Nach den Stichwahlen um zwei Senatsposten im US-Bundesstaat Georgia rückt für die Demokraten des künftigen Präsidenten Joe Biden eine Mehrheit in der umkämpften Kongresskammer immer näher. In einer bislang noch nicht offiziell entschiedenen Abstimmung erklärte sich am Mittwoch der demokratische Kandidat Jon Ossoff zum Sieger. Zuvor hatte sich bereits der Demokrat Raphael Warnock laut Medienberichten in der zweiten Stichwahl durchgesetzt. Am Mittwoch stand in Washington die Bestätigung von Bidens Wahlsieg an – der abgewählte Präsident Donald Trump und dessen Anhänger versuchen, das Votum im Kongress zu torpedieren.
Im traditionell konservativen Georgia hatte sich die Auszählung der Stimmen nach Schließung der Wahllokale rasch zu einer Zitterpartie entwickelt; in beiden Abstimmungen lagen die Kandidaten eng beieinander. In der besonders knappen Stichwahl zwischen Ossoff und dem republikanischen Amtsinhaber David Perdue meldeten US-Medien zunächst keinen Sieger. Ossoff erklärte jedoch am Mittwoch, er habe die Wahl für sich entschieden.
In der Nacht zum Mittwoch hatten die TV-Sender CNN, CBS und NBC bereits den Sieg des Demokraten Warnock in der Stichwahl gegen die republikanische Senatorin Kelly Loeffler verkündet. Der 51-jährige Pastor Warnock ist der dritte Afroamerikaner, der in einem südlichen US-Bundesstaat in den Senat gewählt wird. Loeffler räumte ihre Niederlage vorerst nicht ein. Sie will die vollständige Auszählung der Stimmen abwarten.
Sollte sich der von Ossoff reklamierte zweite Sieg bei den Stichwahlen bestätigen, hätten die Demokraten künftig die Oberhand im Senat. Da die Demokraten bereits im Repräsentantenhaus – der anderen Kongresskammer – die Mehrheit stellen, hätten sie bei Eroberung der beiden Senatsmandate von Georgia künftig die Kontrolle über den gesamten Kongress.

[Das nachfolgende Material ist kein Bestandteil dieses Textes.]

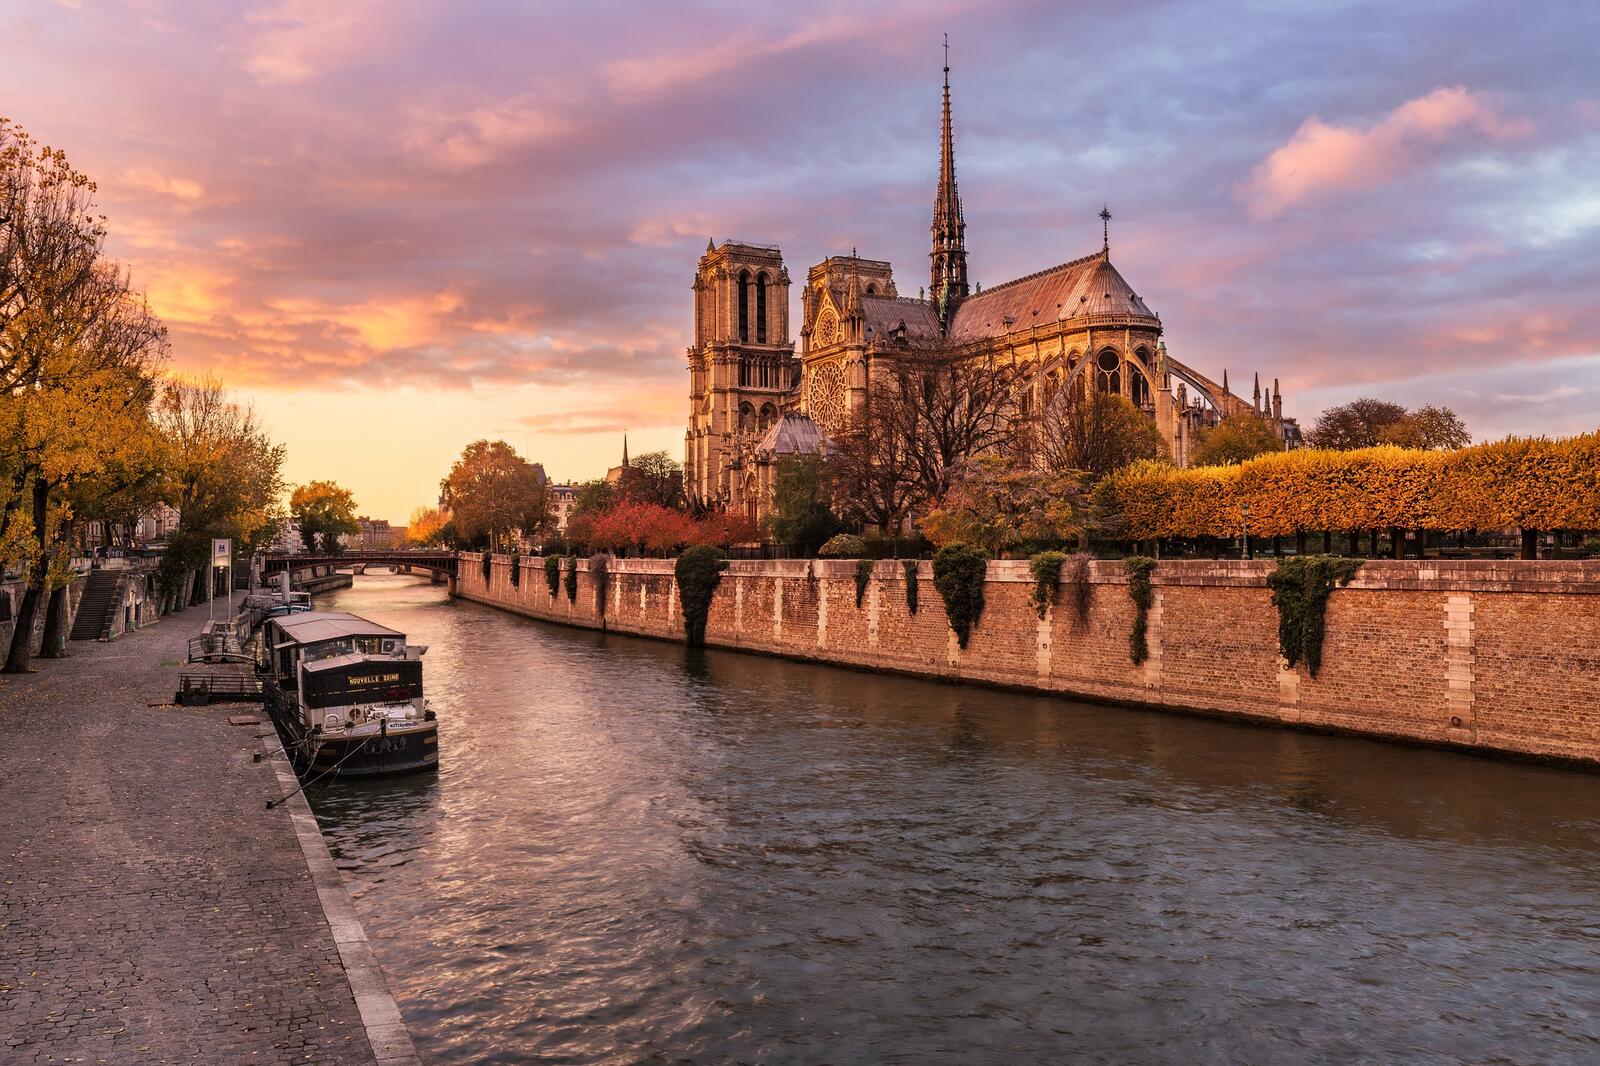 免费照片下载 Paris, Notre Dame 图片

Vor den Stichwahlen hatten die Republikaner im neuen Senat 50 Sitze sicher, die Demokraten 48. Gewinnen die Demokraten in Georgia beide Sitze, entstünde zwar eine Patt-Situation. Dennoch wären die Demokraten dann im Vorteil, weil bei einem Patt die künftige Vizepräsidentin Kamala Harris, die kraft ihres Amtes auch Senatspräsidentin sein wird, mit ihrer Stimme den Ausschlag geben würde.
Auf der anderen Seite müssten die Republikaner nur eines ihrer beiden Senatsmandate in Georgia verteidigen, um in der Kammer in der Mehrheit zu bleiben. Die Nachwahlen waren notwendig geworden, weil keiner der Senatskandidaten in Georgia bei den parallel zur Präsidentschaftswahl abgehaltenen Kongresswahlen vom 3. November auf mehr als 50 Prozent gekommen war.
Die Kontrolle der Demokraten über den gesamten Kongress würde Biden das Regieren erheblich erleichtern. Behalten die Republikaner hingegen die Mehrheit im mächtigen Senat, können sie politische Vorhaben und Personalentscheidungen des künftigen Präsidenten blockieren. Biden soll Trump am 20. Januar im Weißen Haus ablösen.
Am Mittwoch stand in Washington die formelle Bestätigung des Ergebnisses der Präsidentschaftswahl durch Repräsentantenhaus und Senat an. Normalerweise ist dies reine Formsache – diesmal kündigte jedoch ein Teil der republikanischen Parlamentarier Vorstöße zur Blockade der Wahl-Zertifizierung an. Diese Initiativen gelten als aussichtslos, könnten aber den Zeitplan durcheinander bringen.
Trump-Anhänger, darunter auch Mitglieder rechtsradikaler Gruppen, wollten am Mittwoch in Washington gegen die Bestätigung von Bidens Sieg demonstrieren. Trump selbst kündigte an, er werde auf der Kundgebung eine Rede halten.
Trump behauptet seit Wochen ohne Nennung von Beweisen, bei der Wahl habe es massiven Betrug gegeben. Dutzende von seinem Lager ausgegangene Anfechtungen der Wahl wurden von den Gerichten abgewiesen.